Bardzo dobra historia. Niestety tak jest, że wielu klientów jest przekonanych o tym, że mogą zwrócić towar. Wielu jest takich co kupują biżuterię lub ciuchy i po imprezie chcą zwrócić, albo jakieś kino domowe na weekend? Niestety, a dla sprzedawców 'stety' nie ma obowiązku przyjmować zwrotów. W takim przypadku jak opisany w tej historii nie oddałbym pieniędzy nawet pomniejszonych o VAT. Dlaczego? Ponieważ klientka została poinformowana o tym, że nie będzie mogła zwrócić. Gdyby mi opowiadała farmazony o wykształceniu to chyba bym był nie miły i spytał się czy ciężko komuś o żółtych papierach skończyć studia. Bo skoro nie rozumie co się do niej mówi to chyba do końca normalna nie jest. Chciała sobie pewnie na chwilę podładować telefon i narobiła Ci tylu problemów. Oczywiście klikam na "dobre" ;)
Chciałbym się po prostu dowiedzieć jaki urząd/organ/komórka zajmuje się takimi wewnętrznymi sprawami sklepów jak to kogo sklepy do środka wpuszczają, a kogo nie. Poza tym ponoć dzwoniły do regionalnego, a nie do sklepu. I skoro opierając się na państwowym stanowisku nakłamały, to mogły mieć ogromne problemy. Chyba, że w sklepie szalejące menelstwo jest rzeczywiście na porządku dziennym, ale wtedy nie ma co się dziwić tym kobietom, że uprzedzone były.

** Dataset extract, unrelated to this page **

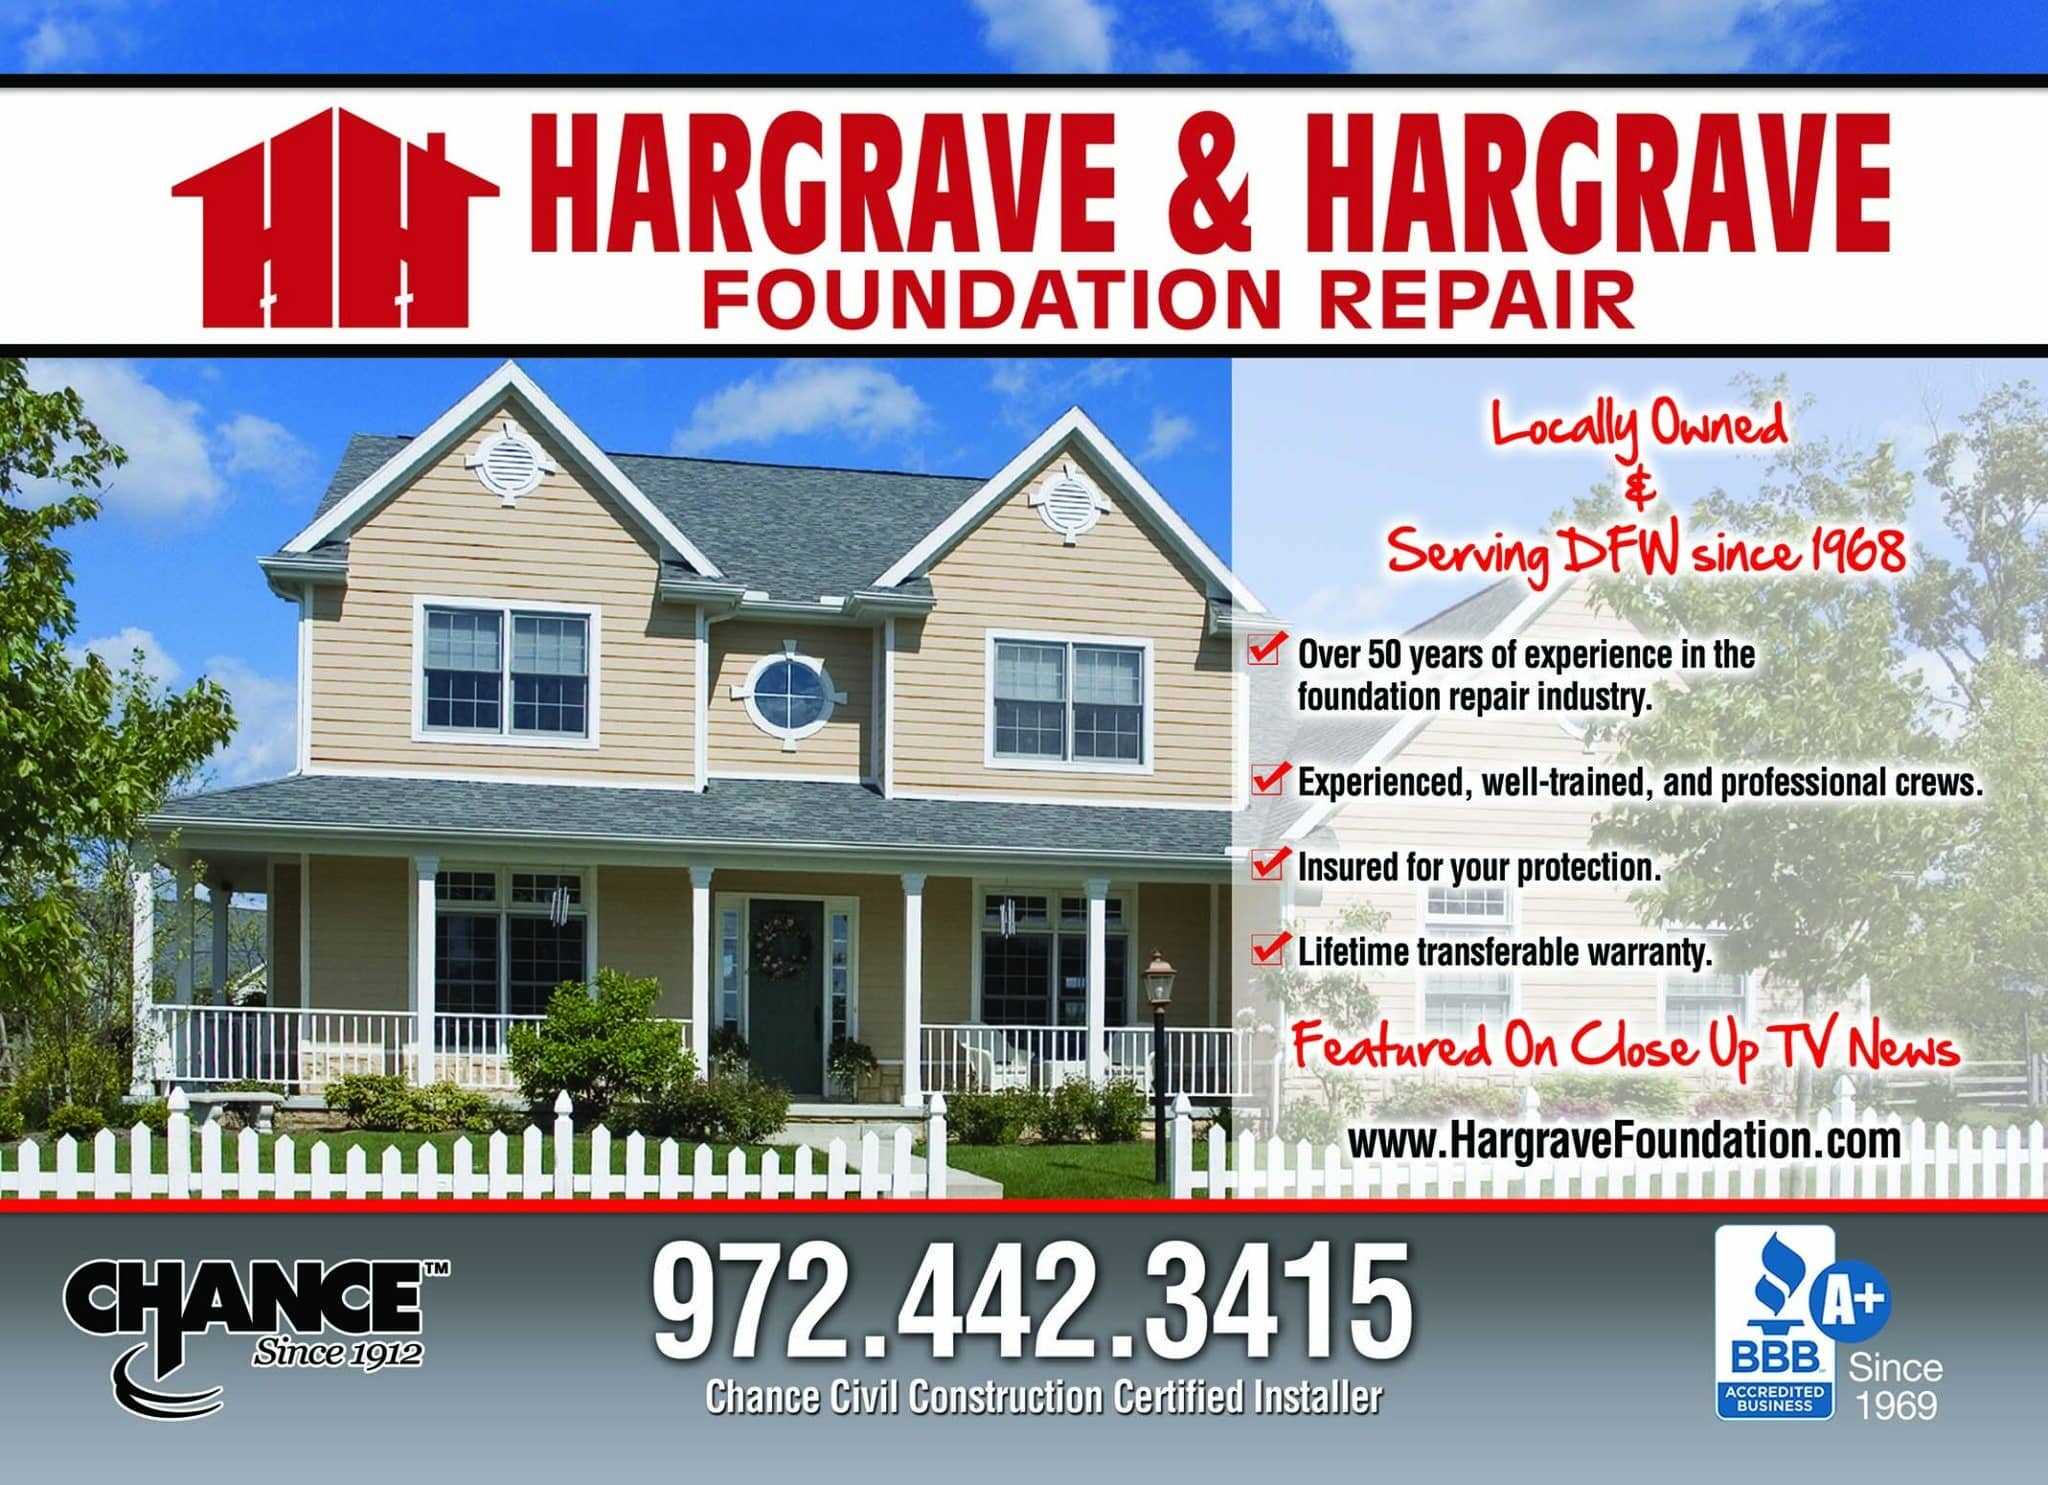 Hargrave & Hargrave Foundation Repair 972-442-3415

No dobrze, ale nadal nie wiemy: - skąd się okazało, że to są dwie urzędniczki? - do jakich instytucji zadzwoniły - dlaczego owe instytucje zareagowały tak szybko - dlaczego tak szybko zjawił się kierownik regionalny - dlaczego ie sprawdził wiarygodności tej skargi
Skąd owe kobiety miały numer do kierownika regionalnego? I jak kierownik mógł wprowadzić zmiany na podstawie szczekania starej matrony? Nie popytał pracowników jak jest na prawdę? Kierownika obiektu? Kierownika sklepu? Nie sprawdził monitoringu? Tylko tak po prostu wprowadził całkiem nowe przepisy? Chciało mu się? Historyjka jak dla mnie niewiarygodna.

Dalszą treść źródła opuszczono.